I did however find that early mornings were the best time to connect. Maybe there's less usage across the network as people are on their way to work?
When I managed to log on to MTN's 3G, Twibble worked very well keeping me updated on everyone I follow on Twitter and uploading photos to Twitpic.
Of course, updating my Twitter stream by SMS was the most reliable method. And, sending a direct message (eg D @blogschau) on Twitter by SMS was also a good way to stay in touch with colleagues. Twitter still emails direct messages to the recipient - a useful little service they've maintained.
Erratic 3G connections ultimately dashed my hopes of regularly streaming live video via Qik. Delays caused by the slow connection speed always built up even when shooting video in low quality. Chatting live to viewers did not even get a look in.

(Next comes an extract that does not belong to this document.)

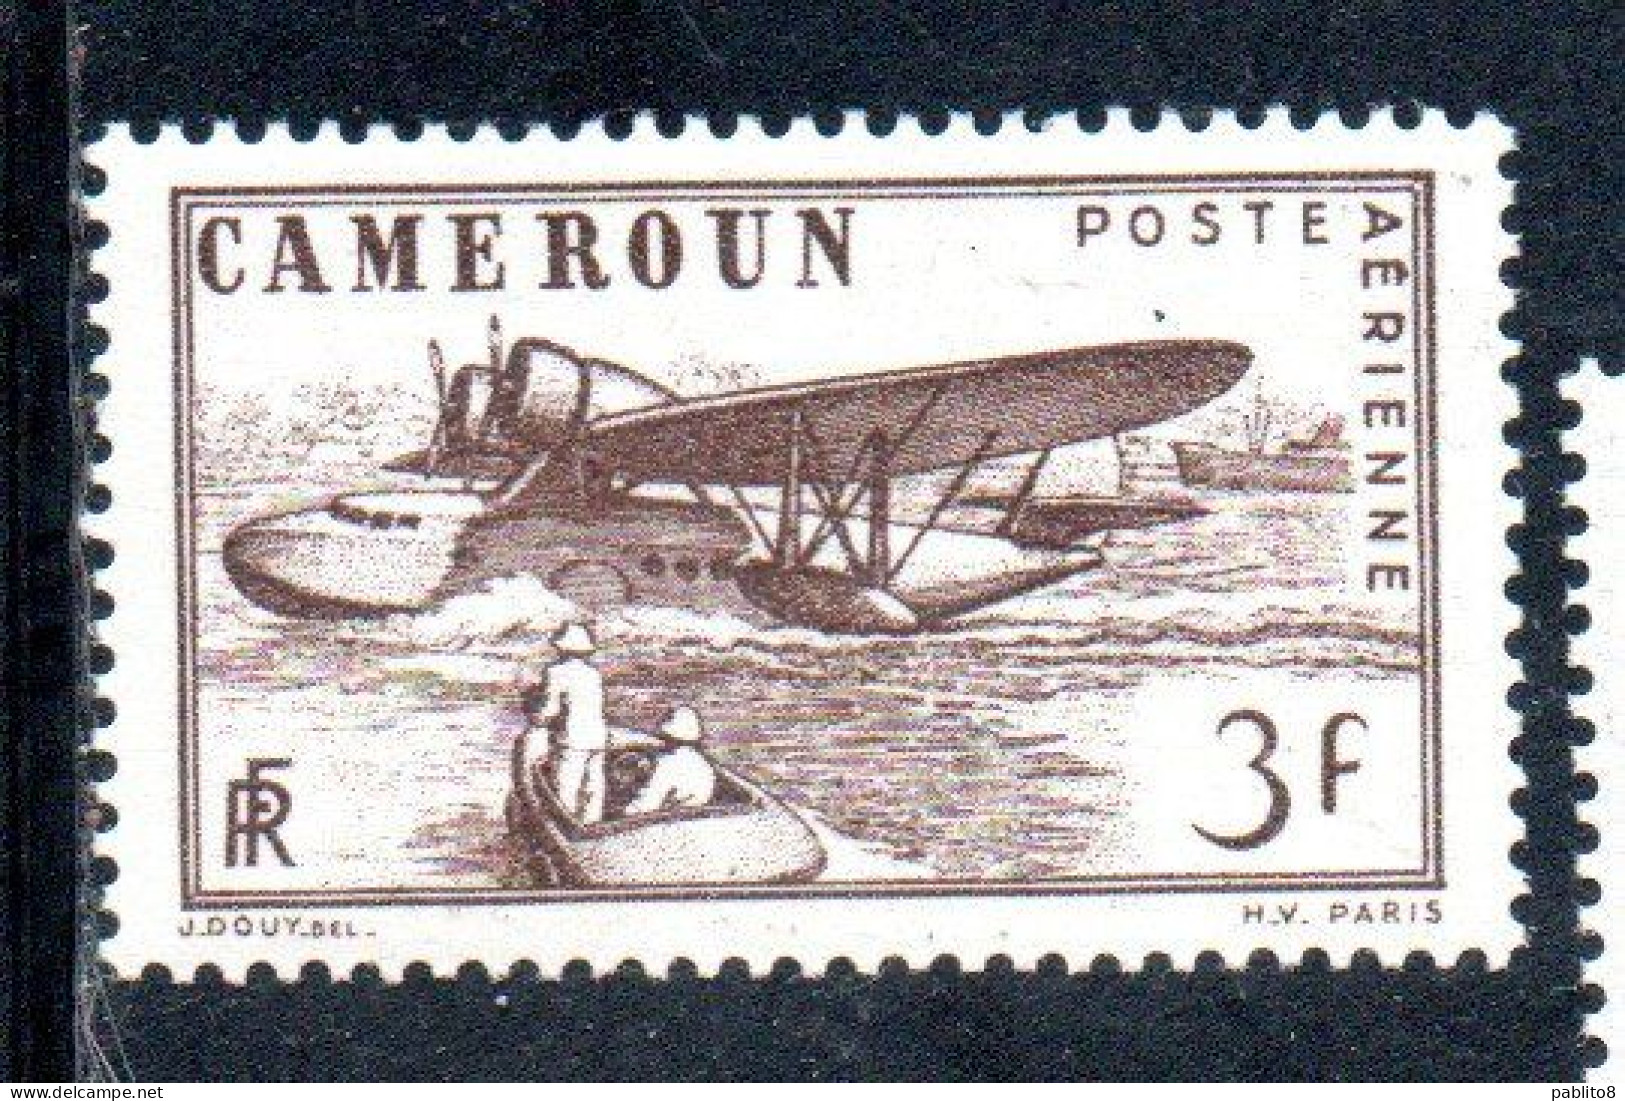 CAMEROUN CAMERUN 1943 1944 AIR POST MAIL AIRMAIL POSTA AEREA POST AERIENNE SEAPLANE ALIGHTING 3fr MNH - Airmail

On the upside, my Qik and 12seconds accounts are connected. So as a compromise I decided to only shoot short video clips to suit 12seconds. I think these worked quite well and they weren't expensive to shoot. Both Qik and 12seconds can update your Twitter stream with a link to the video. If you use the html code that accompanies the video (look at any links to "share" "embed" or click on the QIK logo in the bottom left hand corner of any video), it's potentially an easy method to embed video into a blog post and save a lot of hassle trying to upload and convert video from scratch to a share site such as YouTube.
The drawback will always be whether there is enough bandwidth to upload a good quality video. You can also adjust video quality and delay in settings for QIK and Bambuser.
Trying another video tactic, I shot a couple of short videos of around 30 seconds and then used the Kyte TV Producer app on my phone to upload. That way I would always have a good mp4 copy on my phone memory card.
On the blog front, I thought better of accessing Typepad from my phone but tried to use Tumbla to send material to my Tumblr blog. Unfortunately, Tumbla was a casualty and would not work.
Outside of using data services I also sent an audio message to Utterli. This is a great social media phone service. Just call up from your mobile phone and leave a message. Utterli then sends an update with a hyperlink to your audio message to other services such as Twitter or to your blog. You can also add photos and video. My only grumble with Utterli is their decision to withdraw a local call number for Germany - you have to dial a US number. However, it's also possible to use Utterli cheaply by making calls using a local calling card.
So, how practical are some of these social media and video streaming thingies to use in a country such as Nigeria?
At the moment, that's all going to depend on your needs, patience and budget.
Any application that lets you update or receive messages on your phone by SMS or email is always going to be the most practical and the cheapest.
A new service I've been testing to receive @ replies and to track tweets from Twitter is Twe2 - so far I find it's quite useful, and it's free.
If anything, 3G services across Africa are only going to get better. On a recent trip to Dar es Salaam I was able to stream live video far better than in Kano. The main drawback was a lot of fiddling with phone settings to log onto the local Vodacom network. I almost gave up.
With a little thought towards planning, you can use your phone to great effect. Just look at how the AudioBoo app for the iPhone has taken off for mobile reporting during the recent G20 demonstrations in London. Though for now problems in connectivity in some African countries may prove to be frustrating hiccups in your social media and mobile video streaming happiness.